Menurut Tri, dalil Para Tergugat di
dalam eksepsi absolut menyatakan, inti pokok dari surat gugatan adalah Para
Penggugat mendalilkan bahwa tergugat I saudara Danang Kurniawan dan tergugat II
Saudara Budi Setiawan yang beralamat di di kantor PT OTTO Multiarta jalan
Genteng Kali 77B-79 Surabaya, dan disebutkan juga jabatannya sebagai kepala
cabang PT OTTO Multiarta Surabaya.
“Di dalam argumentasinya, Penggugat
tidak pernah menyatakan Tergugat I dan Tergugat II sebagai pribadi, tetapi
perbuatan hukum yang sudah dilakukan keduanya adalah mewakili PT OTTO
Multiarta, Surabaya.” ujar Tri Widodo seperti termuat dalam salinan dokumen
replik yang diperoleh wartakum.com. Jum'at (12/01/2018).
Tergugat, kata Tri Widodo, juga keliru
dalam membaca gugatan, sebab pada saat menjawab gugatan dari Penggugat,
ternyata Tergugat I maupun Tergugat II
menggunakan kop surat milik PT OTTO Multiarta,
“Kop surat tersebu seolah membenarkan
bahwa perbuatan yang dilakukan Tergugat I dan Tergugat II adalah mewakili PT
OTTO Multiarta, Surabaya,” kata Tri.
Ditambahkan Tri, Tergugat I dan
Tergugat II, dianggap telah melakukan pengambilan secara paksa atas unit
kendaraan bermotor milik Penggugat, sebab Para Tergugat tidak pernah
menunjukkan Jaminan Fidusia, seperti yang diamanatkan dalam Undang-undang No 42
tahun 1999 tentang Jaminan Fidusia, dan Peraturan Menteri Keuangan (PMK) No
130/PMK.010/2012 tentang Pendaftaran Fidusia bagi Perusahaan Pembiayaan,
“Penarikan paksa yang dilakukan Para
Tergugat, bukanlah suatu tindakan /perbuatan yang dibenarkan secara hukum,
bahkan tindakan tersebut justru merupakan suatu perbuatan yang melanggar hukum
dan dapat diancam dengan ancaman pidana,” tambah Tri Widodo.
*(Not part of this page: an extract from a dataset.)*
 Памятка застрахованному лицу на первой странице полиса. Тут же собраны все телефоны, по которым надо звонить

Sedangkan Tugianto, dalam repliknya
menegaskan jika gugatan yang dilayangkan kliennya tersebut sudah sesuai
dengan peraturan perundang-undangan dan
menyatakan Tergugat telah salah menafsirkan kalau Para Tergugat bukanlah pihak
dalam perjanjian pembiayaan Nomor : 10-301-13-02192 tanggal 14 November 2013.
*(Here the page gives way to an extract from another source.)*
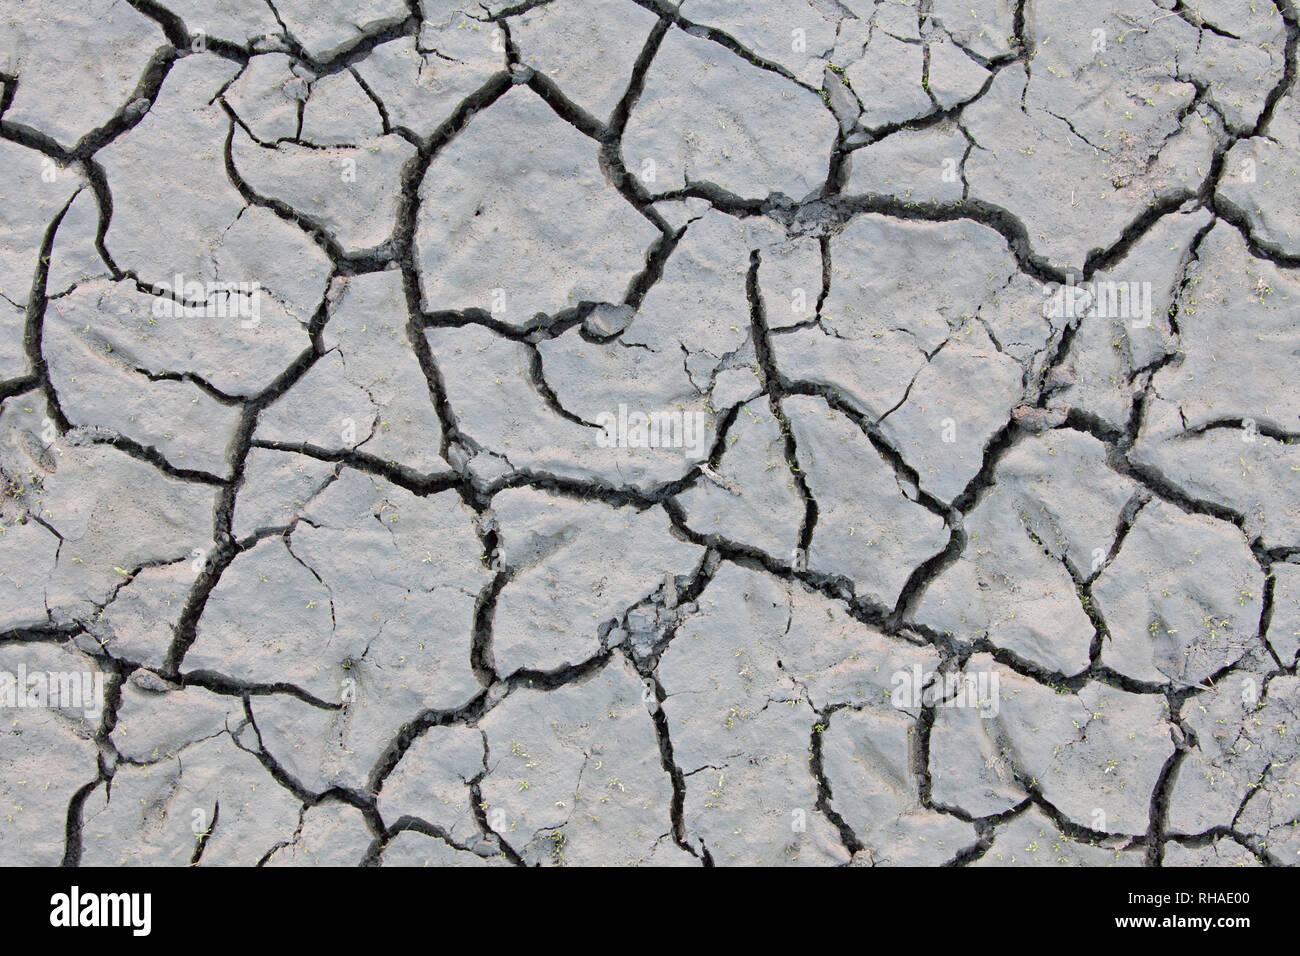 Trockene rissige Schlamm in ausgetrockneten Teich/Stream durch die lang anhaltende Trockenheit aufgrund der extremen Temperaturen im Sommer verursacht Stockfoto

“Sama sekali tidak masuk akal, Para
Tergugat berkantor di jalan Genteng Kali No 77B-79 Surabaya, mewakili siapa,?
Kalau bukan PT OTTO Multiarta, karena kantor tersebut adalah kantor cabang PT
OTTO Multiarta, kemudian, pembayaran-pembayaran yang dilakukan Penggugat
sebagai debitur dibayarkan di kantor cabang PT OTTO Multiarta, Surabaya yang
beralamatkan di jalan Genteng Kali 77B-79 Surabaya.” kata Tugianto.
Menurut Tugianto, apabila kantor
cabang suatu badan hukum Perseroan Terbatas (PT) digugat, maka yang bertanggung
jawab tetaplah kantor pusat, kerena regulasi secara tak langsung beban setiap
kantor cabang PT adalah kantor pusat dari PT itu sendiri.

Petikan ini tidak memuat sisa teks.